The Duty to Disclose 'The Invention': The Wrong Tool for the Job
Intellectual Property Journal (Forthcoming)
38 Pages Posted: 15 Aug 2013
Date Written: July 17, 2013
In its Sildenafil decision, the Supreme Court of Canada held Pfizer’s Viagra patent to be invalid for failure to disclose “the invention,” though it provided no explicit definition of that term. I argue that on the best reading of the decision, “the invention” means the new, useful, non-obvious contribution to knowledge which is disclosed in the patent. While this is initially attractive, I argue that on this definition, a duty to disclose the invention is unsound as a matter of law and policy, because it implies that if any important claim in a patent is invalid, all the claims will be invalid.

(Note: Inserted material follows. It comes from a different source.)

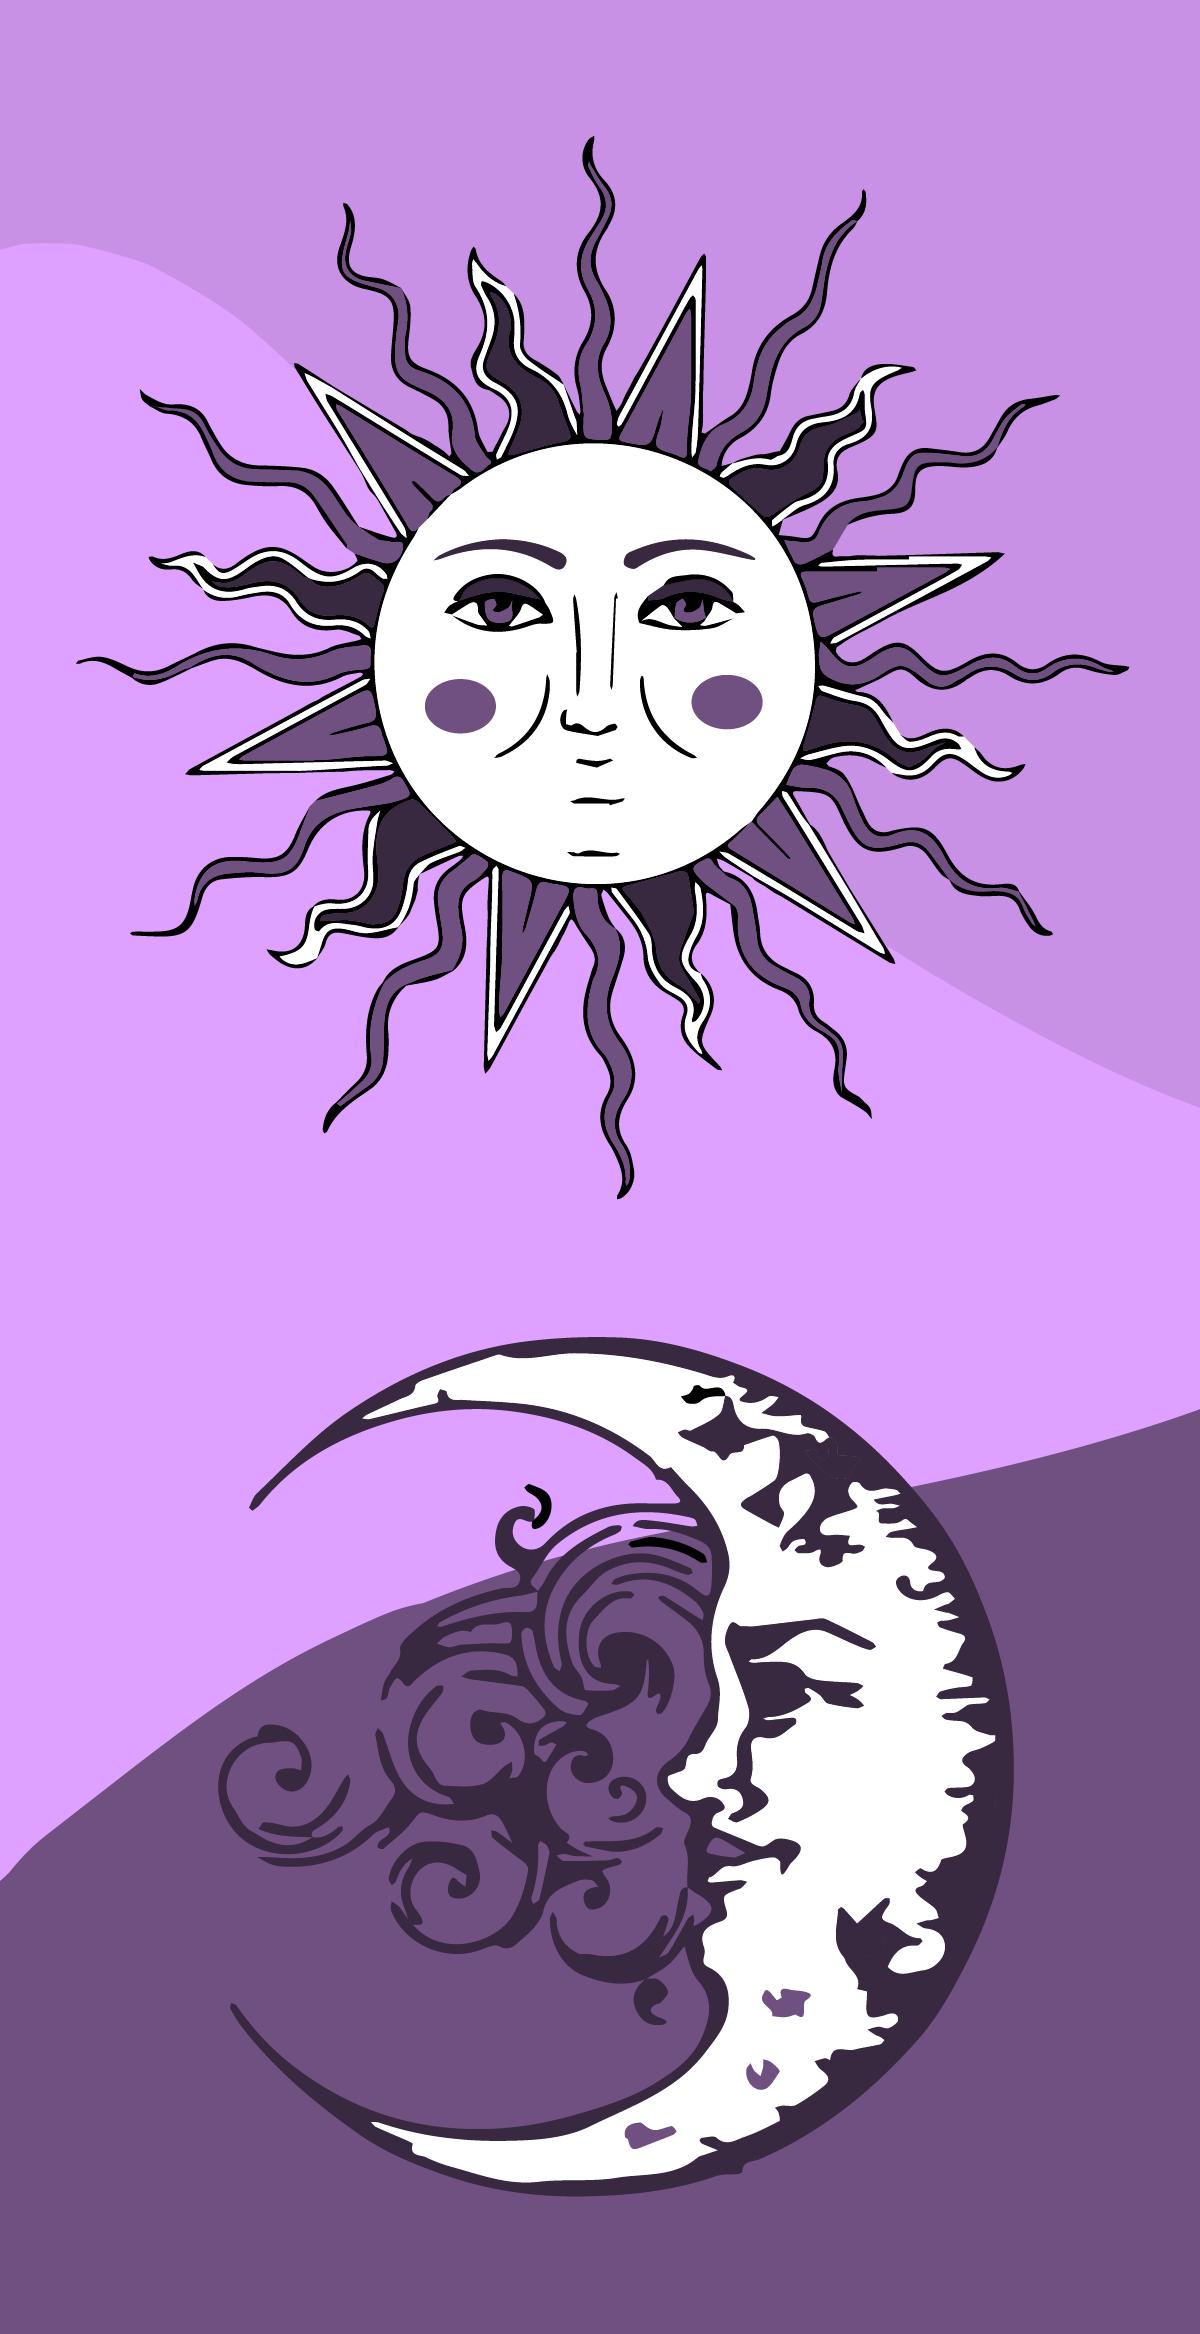 Fond d'écran lune et soleil | Wallpapers roxos, Colagem de ...

This eviscerates Section 58 of the Patent Act, which provides that claims stand or fall independently. I argue that the Court’s reasoning was motivated by a mistaken belief that at the time of the application Pfizer had tested the other claimed compounds and knew them to be ineffective in treating ED, and that it claimed those compounds primarily to conceal the true invention. I argue that even if the Court’s understanding of the facts was correct, a duty to disclose the invention is not the appropriate tool to address the issue. The case properly raises questions relating to the duty of good faith disclosure, not a duty to disclose the invention.